A matter of tests

A blog about my Raku projects


A matter of tests

I like the way Raku allows me to express myself. I like how the language is optimized for the maximum fun and easiness of expression.

To show this, let me tell you a story. At the beginning of September 2020 my wife Miriam asked me to verify a claim she read on the Internet, that the second wave of COVID-19 was due to the sheer increase of testing. We both doubted that claim, so we decided to get the official data and play with it.

Luckily the Italian government puts a great deal of data about the COVID-19 epidemics on Github, so I went on, did a git clone git://github.com/pcm-dpc/COVID-19.git, and started writing some code.

My aim was to plot both the “new cases” and the “tests,” and see if there was a correlation if any.
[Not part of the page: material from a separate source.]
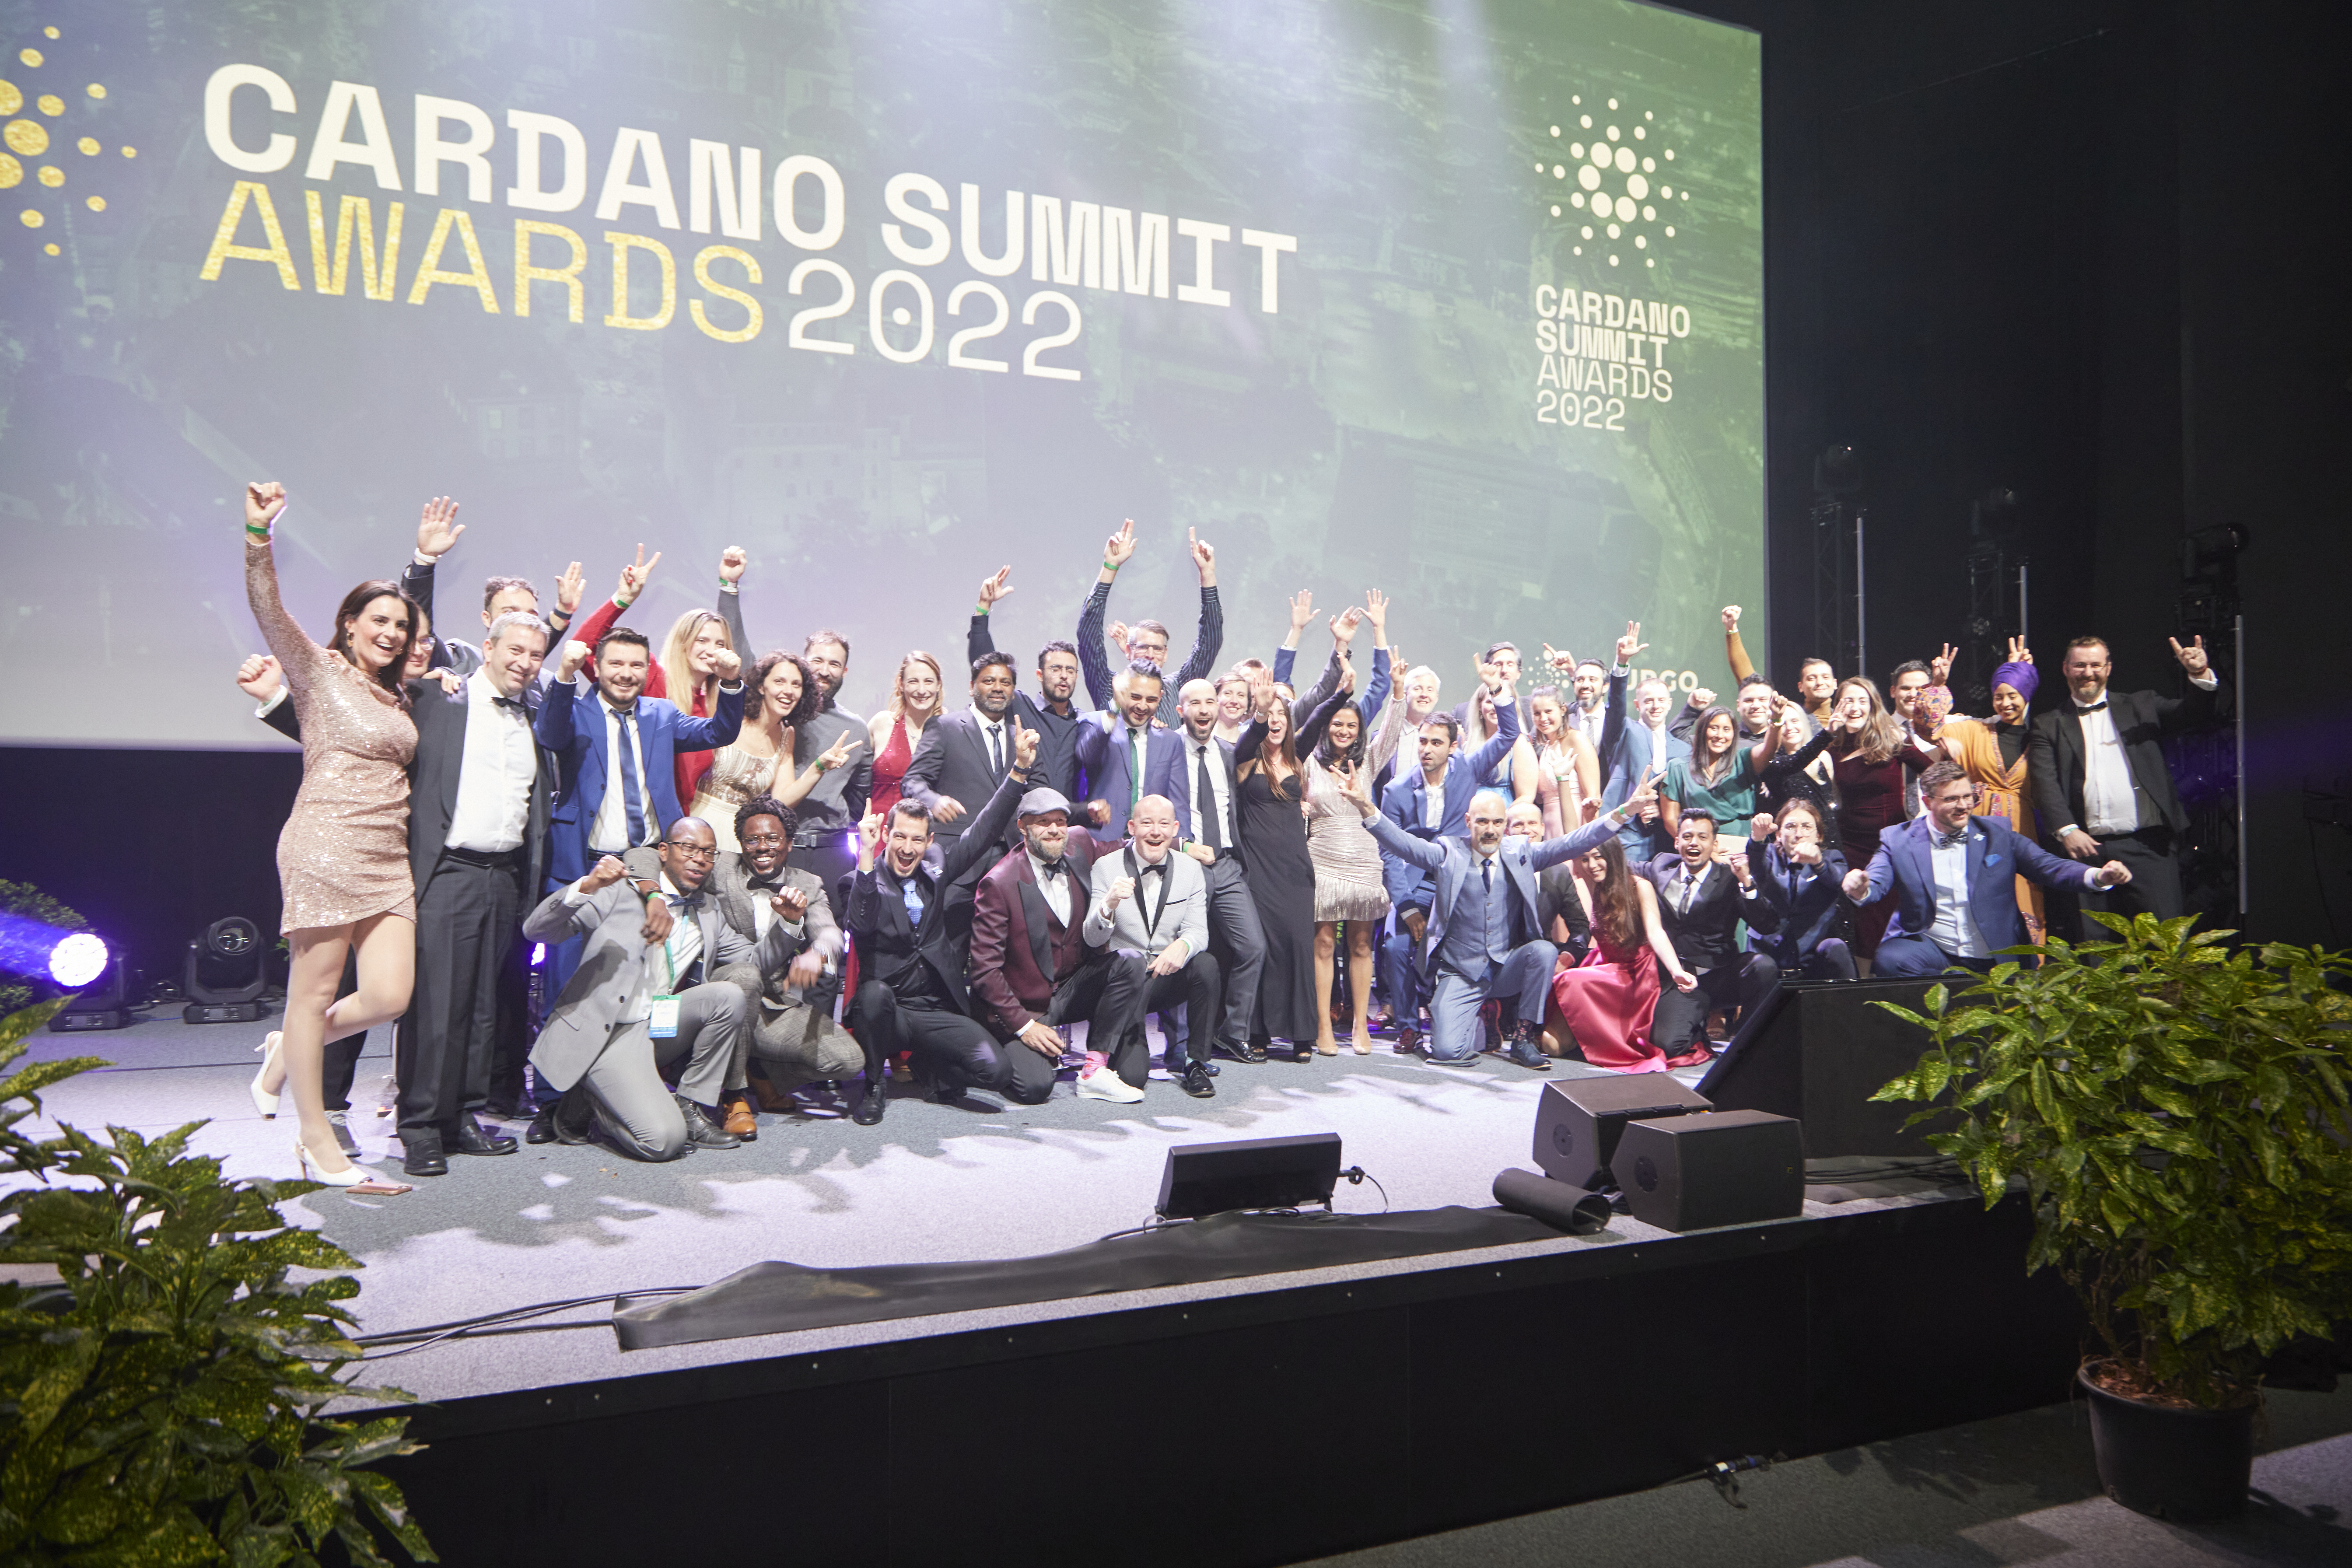 Cardano Summit 2022 Gala Dinner

In order to do so I started extracting the number of tests performed each day, to have a first taste of what I was looking at.

Here is my first program:

#!/usr/bin/env raku

sub readfiles {
  my @files = dir('COVID-19/dati-regioni/',
      test => { .starts-with: 'dpc-covid19-ita-regioni-20' }).sort; # [¹]
  my ($date, @tests);
  for @files -> $file {
    state $prevnumber = 0;                                          # [²]
    my $thisdate = $file.substr: 52, 8;
    my @lines = $file.lines;
    my $testspos = @lines[0].split(',').grep('tamponi', :k)[0];     # [³]
    my $ntests = 0;
    for @lines[1..^@lines.elems] -> $line {
      next unless $line.starts-with('2020');                        # [⁴]
      $ntests += $line.split(',')[$testspos];                       # [⁵]
    }
    my $total = $ntests - $prevnumber;
    $date.push: $thisdate;
    @tests.push: $total;
    $prevnumber = $ntests;
  }
  return $date, |@tests;
}

my ($date, @tests) = readfiles;

for ^$date -> $i {
  put "$date[$i] @tests[$i]";
}

Notes:
[¹] This line read the list of files containing regional data, selects those files whose name starts with a certain string, and sorts those file by name (and so by date, since luckily they’re using a YYYYMMDD format)
[²] There’s no “new tests” column, so I need to read the total number of tests so far and subtract the previous day’s value
[³] Here I read the headers, in the first line, split it using , as a separator, look for the header I want (“tamponi” = “swabs”) and use the :k adverb to get its position, or key
[⁴] Since the directory contain two more file, besides those tagged with a date, I skip them
[⁵] To get the data I need I split each line and select the array element, according to the index found in note [³]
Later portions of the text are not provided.